To find the acceleration of the box, we can use Newton's second law of motion, which states that the acceleration of an object is directly proportional to the net force acting on it and inversely proportional to its mass.

Let's break down the forces acting on the box:

1. Applied force (F_applied): The force the clerk applies to move the box with a magnitude of 173.0 N at an angle of 31° with the horizontal.

2. Force of gravity (F_gravity): The weight of the box due to the gravitational force pulling it downward. This force can be calculated as the product of the mass (m) of the box and the acceleration due to gravity (g ≈ 9.8 m/s²).

3. Force of friction (F_friction): The frictional force between the box and the floor. This force opposes the motion and can be calculated as the product of the coefficient of kinetic friction (μ_k) and the normal force (F_normal), where F_normal is the force exerted by the box on the floor perpendicular to the surface.

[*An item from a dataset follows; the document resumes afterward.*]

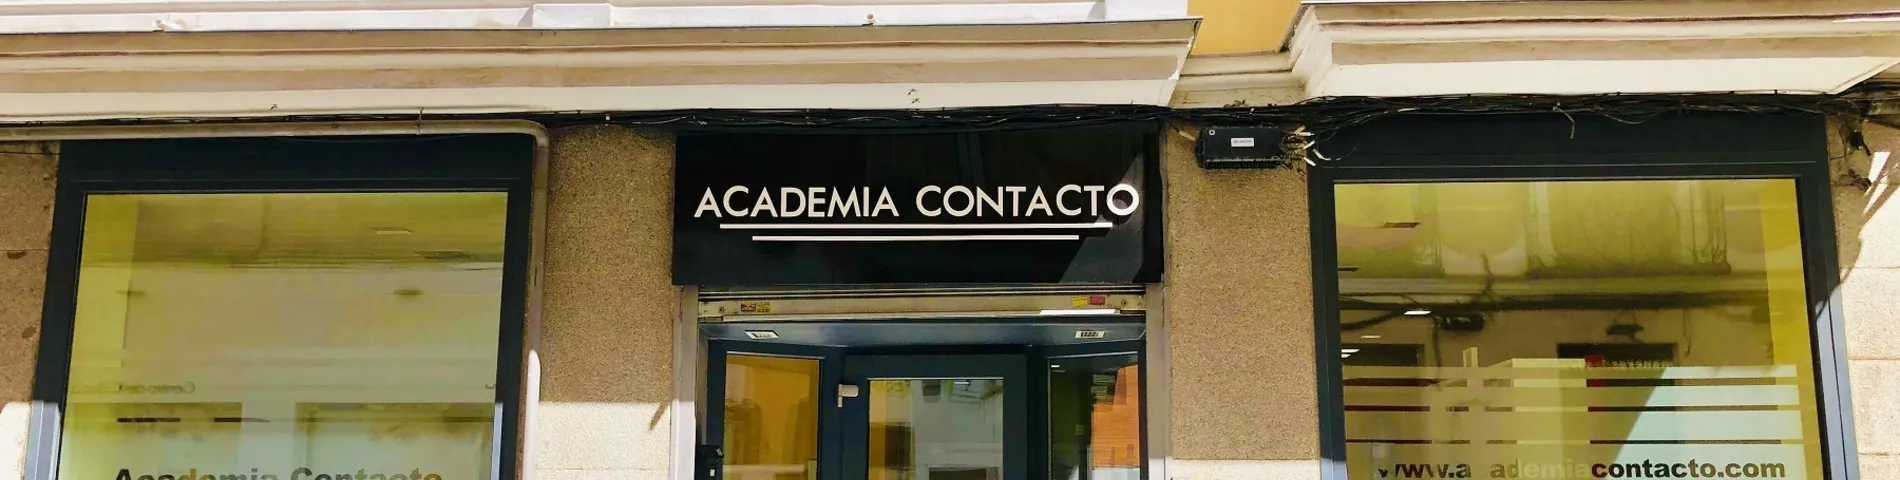 Academia Contacto immagine 1

Now, let's determine the different forces and find the acceleration of the box.

1. Resolve the applied force into its horizontal and vertical components:
F_applied_horizontal = F_applied * cos(31°)
F_applied_vertical = F_applied * sin(31°)

2. Determine the force of gravity:
F_gravity = m * g

3. Determine the normal force:
F_normal = F_gravity = m * g

4. Calculate the force of friction:
F_friction = μ_k * F_normal

5. Calculate the net horizontal force (F_net_horizontal):
F_net_horizontal = F_applied_horizontal - F_friction

6. Use Newton's second law to find the acceleration (a) of the box:
F_net_horizontal = m * a

Now, substitute the known values into the equations and solve for the acceleration:

F_applied_horizontal = 173.0 N * cos(31°) ≈ 146.391 N
F_applied_vertical = 173.0 N * sin(31°) ≈ 88.508 N
F_gravity = 40 kg * 9.8 m/s² ≈ 392 N
F_normal = F_gravity = 392 N
F_friction = 0.45 * 392 N ≈ 176.4 N
F_net_horizontal = 146.391 N - 176.4 N ≈ -30.009 N
m = 40 kg

Using F_net_horizontal = m * a:
-30.009 N = 40 kg * a

Divide both sides by 40 kg to solve for a:
a ≈ -0.750 N/kg

The negative sign indicates that the box is decelerating or moving in the opposite direction to the applied force. The magnitude of acceleration is approximately 0.750 m/s².